I’m here to try to understand what took Germany so long to provide military aid. Ukrainians don’t want to make any critical jabs at their ally, and that’s not just the case in Kyiv. When speaking with several diplomats, advisors, and politicians, I sense that the newfound harmony with big EU countries is still so delicate and precious that many prefer not to discuss „those topics“ right now.
„You must understand that these topics are very complex, and no situation is black and white. We must keep calm,“ says one diplomat while popping an entire slice of lemon into their mouth. Chewing, they don’t blink once.

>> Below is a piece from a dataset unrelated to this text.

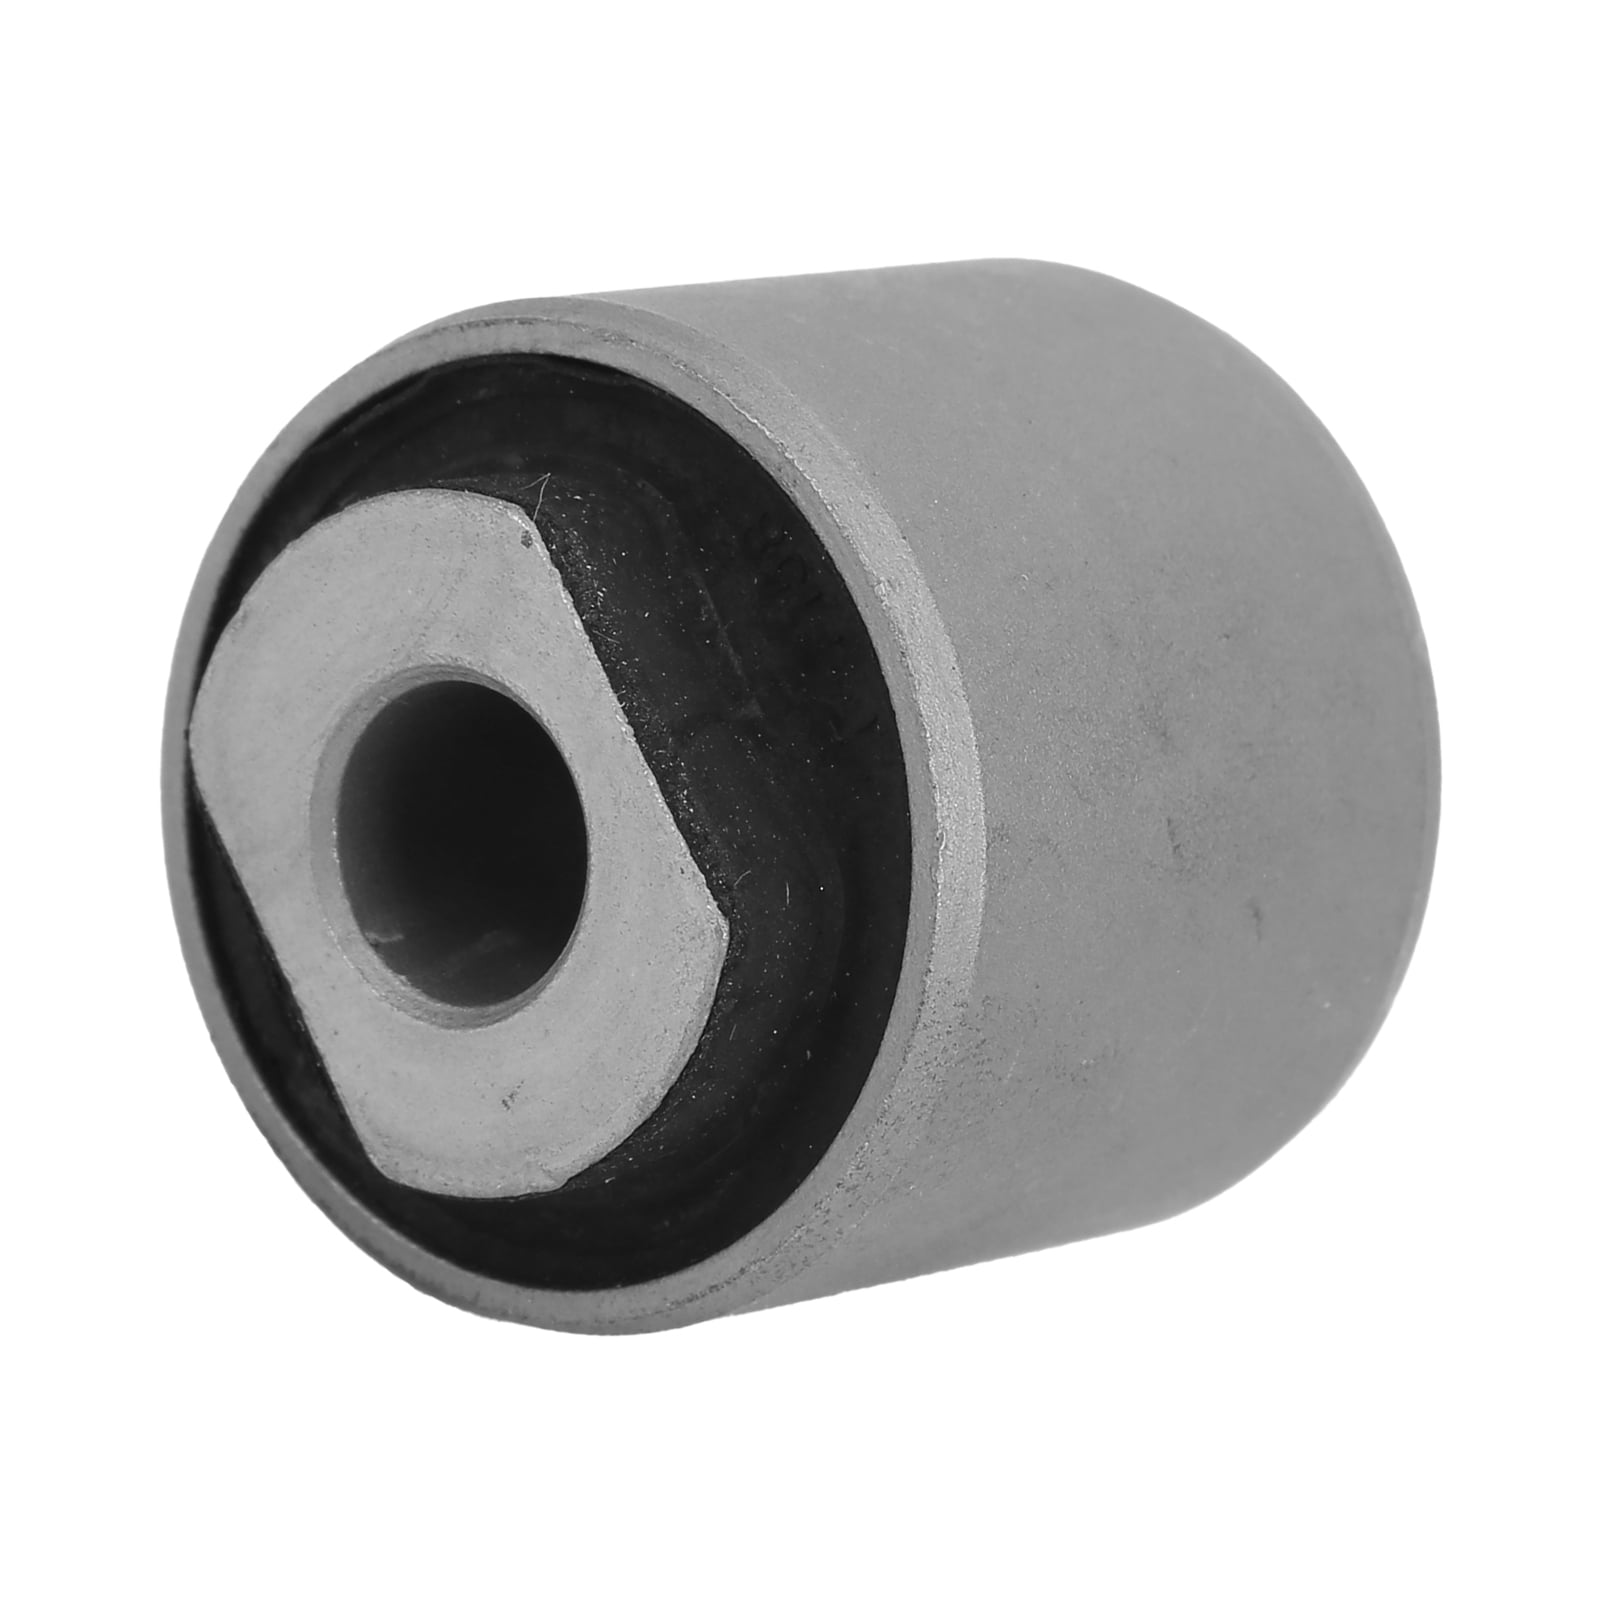 Suspension Lateral Link Bushing 20250-ae060 Parts Suspension Lateral Link Bushing Replacement Sab‑b12r5 0825‑b13r Suspension Lateral Link Bushing 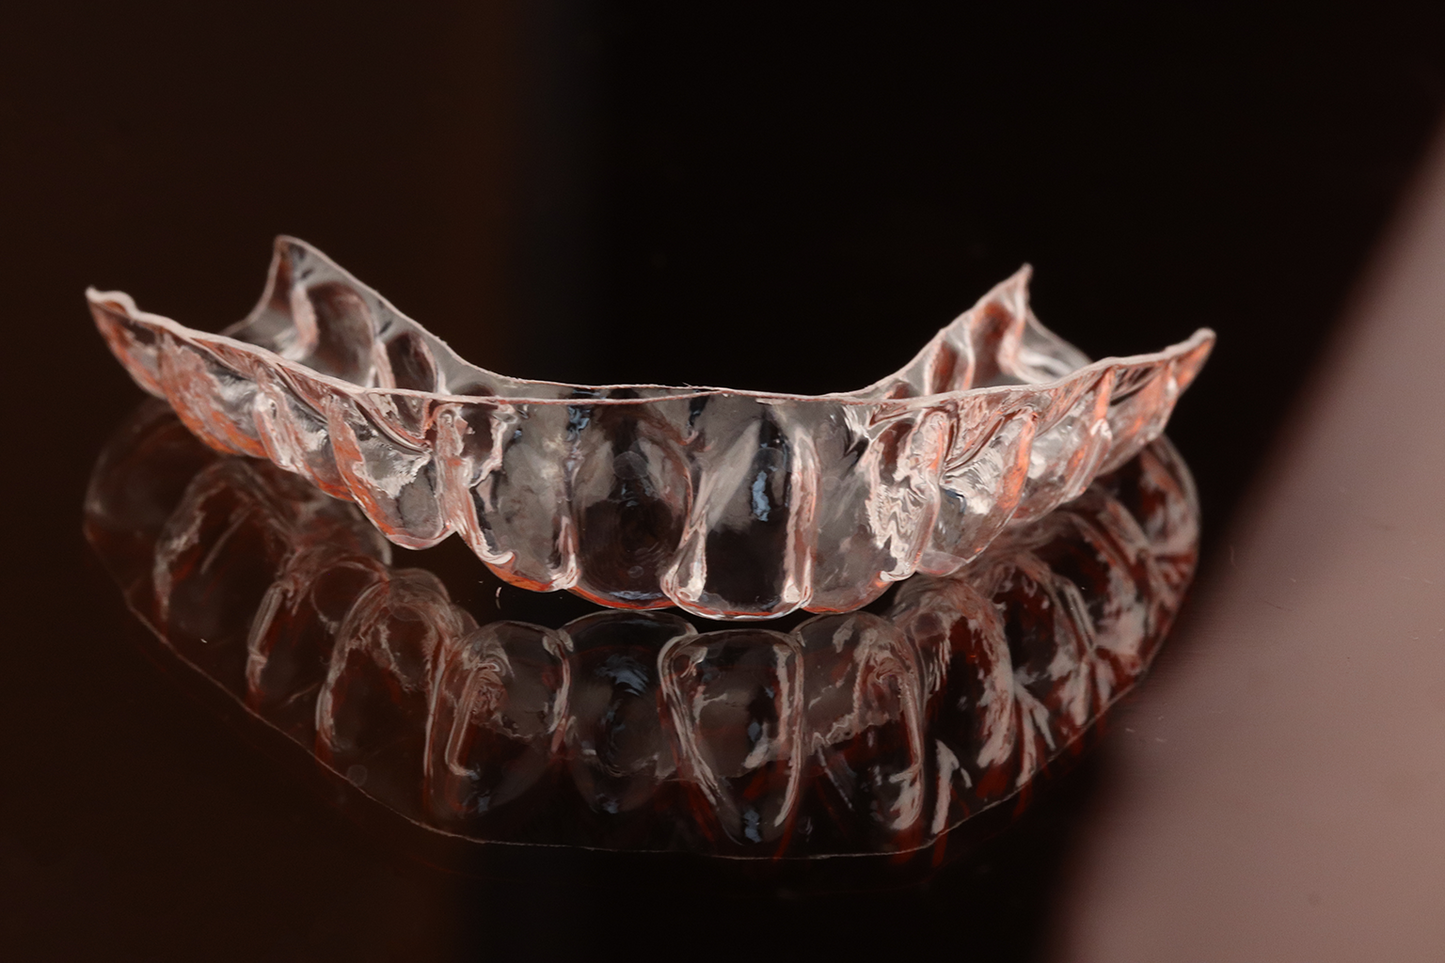 Production of the aligners

However, Ukraine has not always handled Berlin’s cool approach so stoically. Zelensky was incensed by Germany’s sluggishness early in the war and, being an impulsive individual, made no effort to hide it. His irritation culminated in refusing to receive German President Frank Steinmeier, which one high-level diplomatic source in Kyiv called „a political super-failure Upper echelons of German society took offence and were apparently the ones who leaked the news to the media.
„The Ukrainians are playing right on the brink with the Germans,“ says one high-level official of a NATO country. Nevertheless, German officials say that the incident has more or less been forgotten: Steinmeier has sat in a Ukrainian bunker and Zelensky is now more even-tempered, as he’s come to understand slow-moving German bureaucracy. Others say he’s simply dampened his hopes. Just recently, the Ukrainians told one diplomat that little credence is placed in German promises anymore and all they can count on is what realistically crosses the border.
„Everything the Ukrainians receive from the Germans and the French is a pure bonus,“ one European diplomat confirms. „They no longer bargain on it.“
Ponomarenko disagrees, saying the Germans actually do much more than is spoken aloud. True, there were hiccups with arming the country, but injections of German euros helped to keep Ukraine’s economy afloat.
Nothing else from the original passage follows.